Энола Холмс и Леди с Лампой — страница 7 из 17

Миссис Кроули, удивительно похожая на мою богато одетую собеседницу, но старше ее по годам, тоже приветливо улыбнулась и кивнула, когда я объяснила, что хочу поговорить с мисс Флоренс Найтингейл. К счастью, моего имени она не спросила. Сегодня я не удосужилась придумать себе новый псевдоним. Не попросила она и рекомендательного письма, и даже визитной карточки. Никак не уточнив, о чем именно я надеюсь спросить мисс Флоренс, она махнула на кресло и протянула мне дощечку для письма, которую можно было положить себе на колени, а также перо, чернила и лист самой качественной бумаги нежного кремового цвета. Мое искреннее изумление, очевидно, отразилось у меня на лице, поскольку миссис Кроули ласково объяснила:

— Запишите свой вопрос к мисс Найтингейл, и этот щеголь в бриджах быстренько ей все доставит. А когда у нее найдется минутка, она пришлет вам ответ.

— Но... — пролепетала я, — но мне важно поговорить с мисс Найтингейл лично!
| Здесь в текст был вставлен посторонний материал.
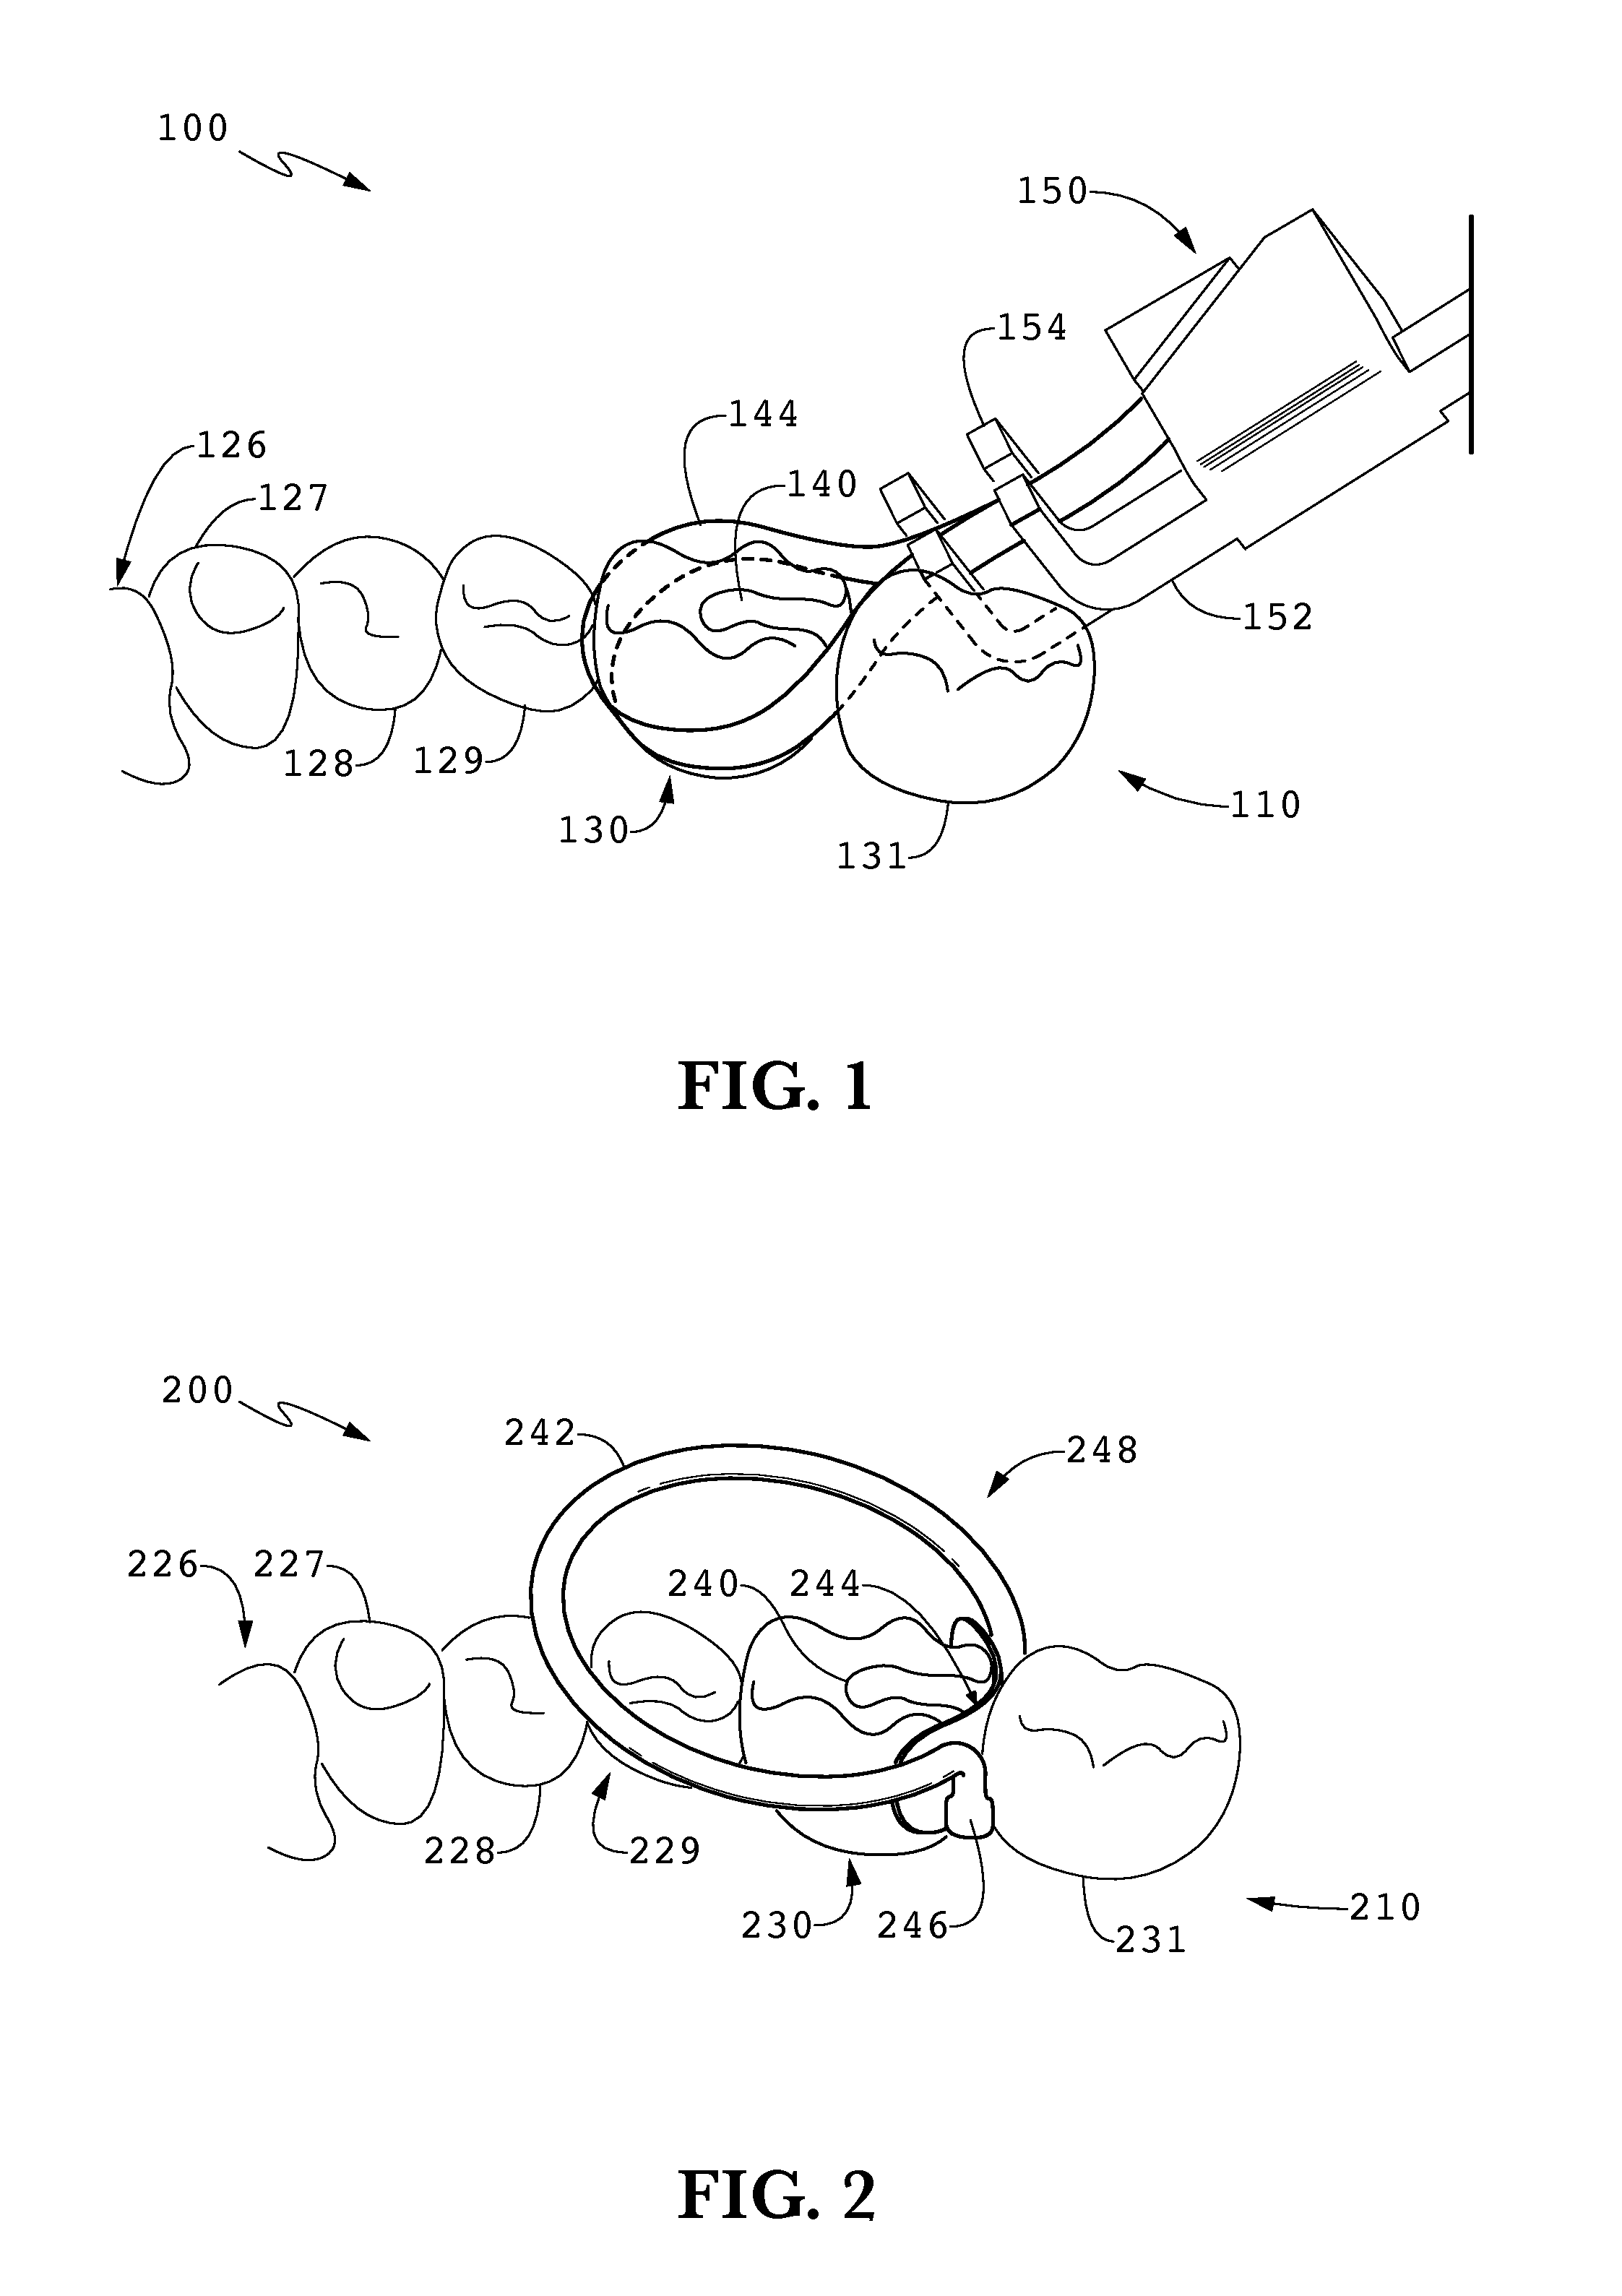 System for Maintaining Tooth Contact During Interproximal Dental Restoration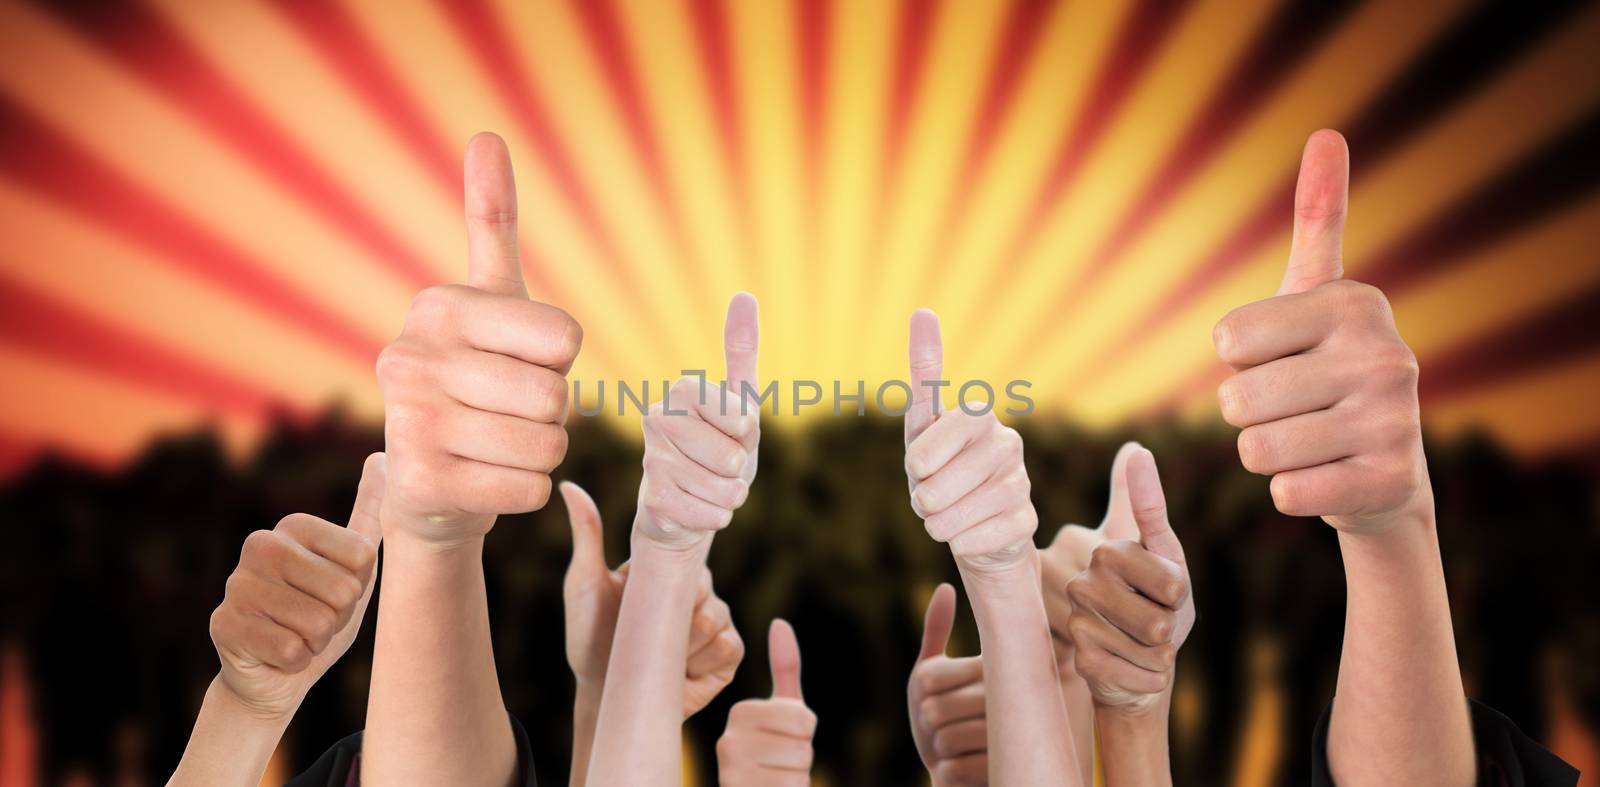 Hands showing thumbs up against digitally generated nightclub with people dancing

Улыбка миссис Кроули расплылась еще шире.

— О, боюсь, вы не понимаете, что это невозможно, — ответила она с легким упреком. — Никто не встречается с мисс Найтингейл лично. — Миссис Кроули благодушно кивнула на открытую дверь, за которой виднелся представительный силуэт мистера Гладстона. — Даже его превосходительство отправляет письмо, когда ему необходимо что-то спросить. Все так делают.

— Но... если она так слаба, то как...

— Вы удивитесь, милая, сколько- то можно достичь, лежа в постели. Завтрак, обед и ужин ей приносят в спальню. Она трудится не покладая рук. Пишет не только записки слугам с указаниями по содержанию хозяйства, но и по сотне писем в день. Работает над многими реформами, но просит не указывать ее имени в газетах. Поэтому многие говорят, что в Англии на самом деле не две, а три палаты парламента: лордов, общин и Флоренс Найтингейл.

— Невероятно... — произнесла я слабым голосом. — Я и подумать не могла... Однако мне правда необходимо увидеть мисс Найтингейл...

— Это категорически невозможно, — отрезала миссис Кроули с нарастающим раздражением. — Вы, насколько я вижу, ученая. Не сомневаюсь, писать вы умеете.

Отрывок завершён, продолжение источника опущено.